I wrote down instructions I found on Trip Advisor to help us find the location. We followed Highway 15 down through Guaymas to Empalme, then started looking for the road that would take us west to Playa Cochorit. After wandering for awhile and dead ending into a port area, I finally decided to turn on my phone data and use Google maps for directions. Lo and behold -- it worked! We had turned off the main highway 5 kilometers short of the location, so we never would have found it without the wonders of Google.
When we finally arrived at Playa Cochorit, we found a windswept abandoned beach destination on the Sea of Cortez with one remaining palapa bar. Someone else had arrived before us and created this happy face in the sand with clam shells for eyes.
It appeared that the palapa bar El Tiburon might still be in operation, but the rest of the Cochorit fishing village looked like the photo below.
Several fishermen's pangas were pulled up onshore.
And a gull was perched on this fisherman's truck.
It was a windy day with rough surf, so I imagine that's why the fishermen's camp was uninhabited.
Love this fish mural on the wall of the one remaining palapa restaurant.

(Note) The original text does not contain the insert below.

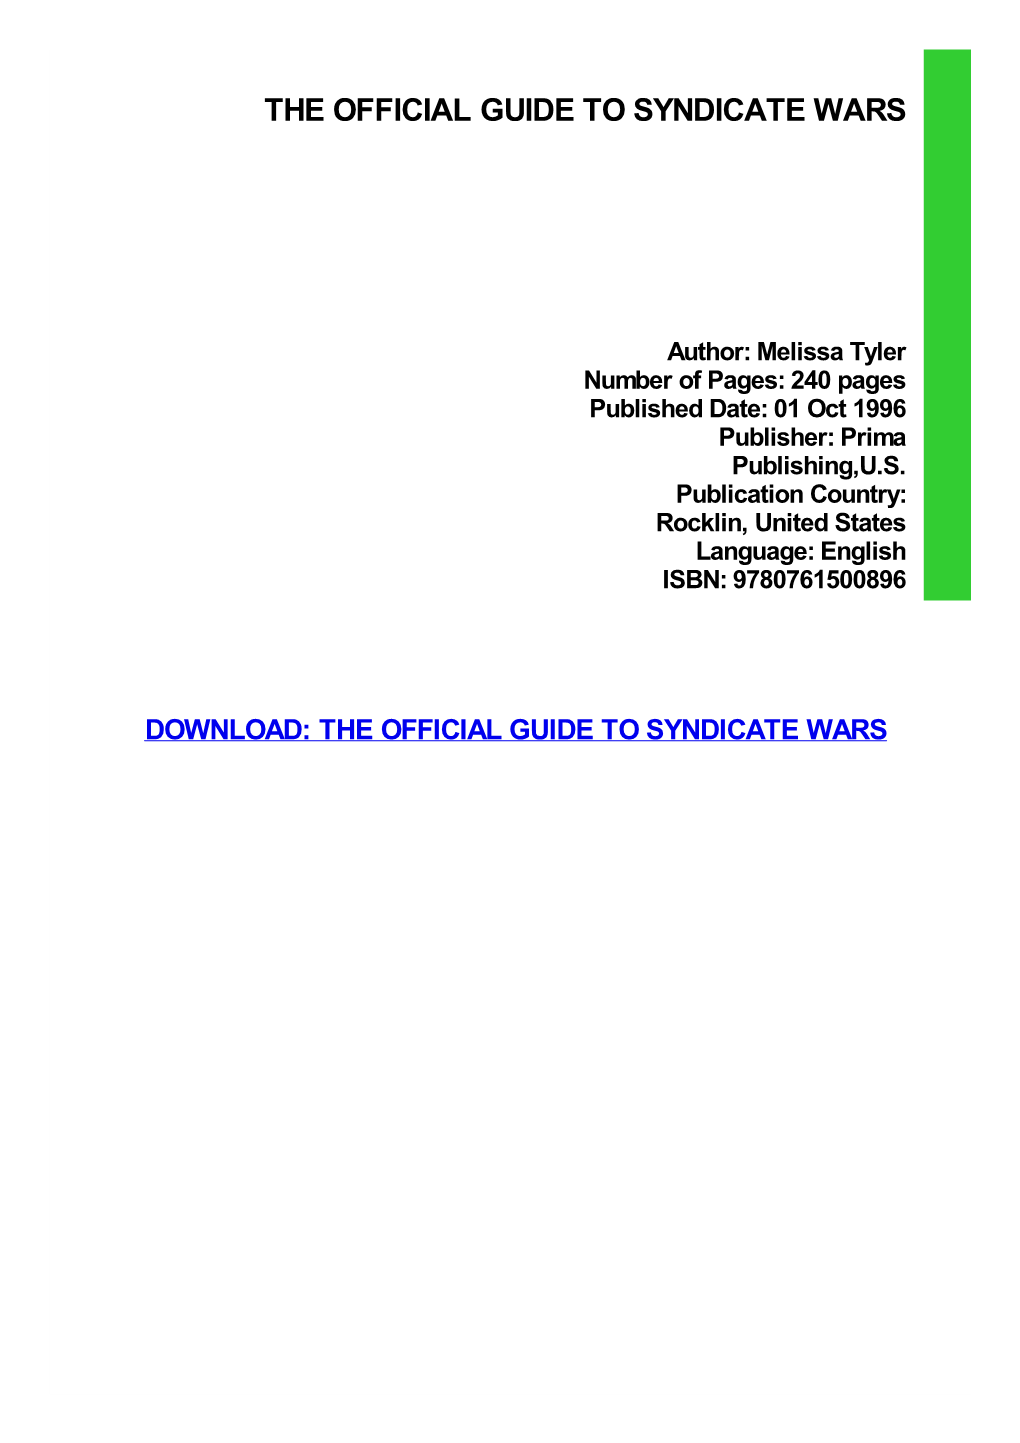 The Official Guide to Syndicate Wars Download Free

After snapping some photographs, we busied ourselves with the main event. Playa Cochorit is shelling/beachcomber nirvana. I've never happened upon a beach like this! As far as the eye could see, the beach was littered with a huge variety of spectacular finds, including murexes, augers, towers, olives, scallop and clam shells, limpets, and on and on. The photo above is just a sampling. We spent less than an hour plucking all the shells we could take with us, leaving thousands behind.

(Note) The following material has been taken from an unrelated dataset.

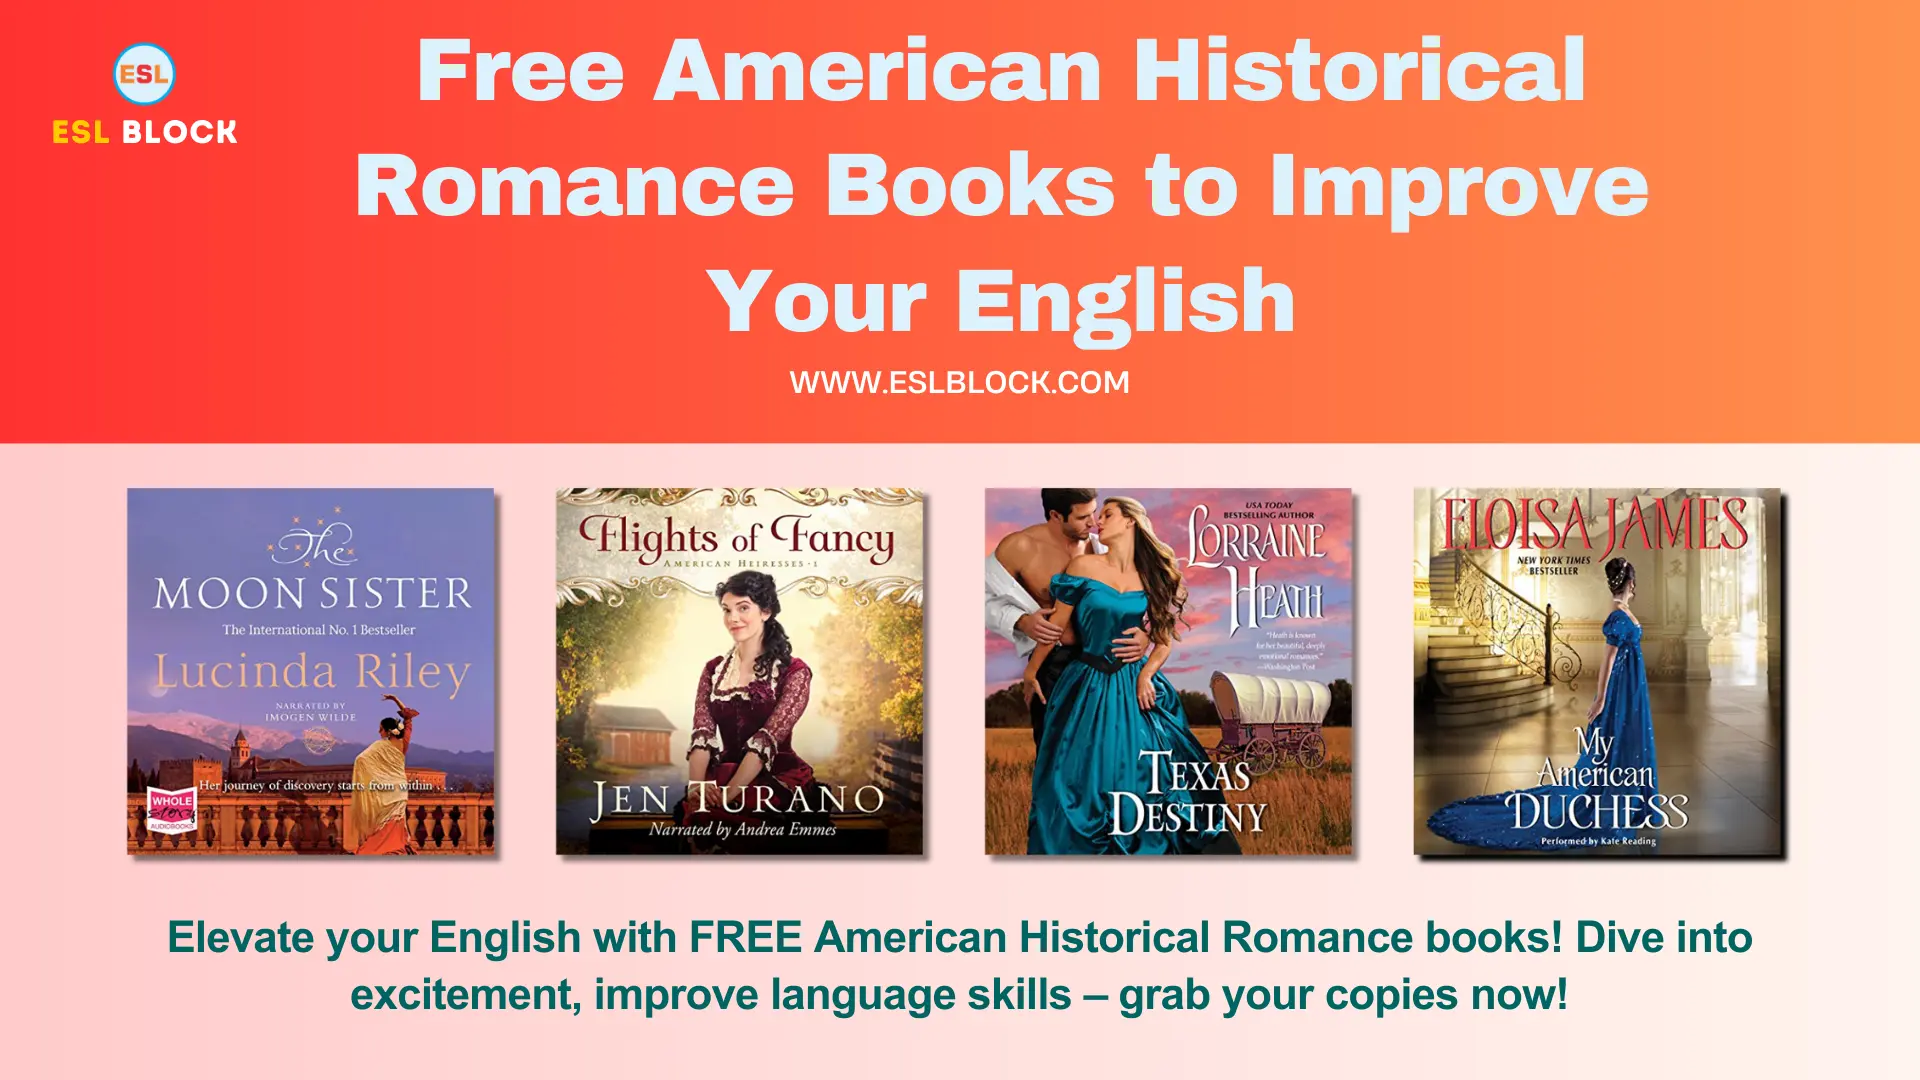 Free American Historical Romance Books to Improve Your English

As we were headed back up the beach to the car, a couple roared by on a moto -- the first humans we'd seen. Nearing the car, a little girl ran out of the empty palapa restaurant carrying two black murexes. She wanted to know if we'd buy her shells for 7 pesos. Craig dug all the change out of his pockets, a little over 20 pesos, and handed it to her. She was thrilled with the pesos (for me???), and I was thrilled with the shells! We'll take more pesos with us next trip!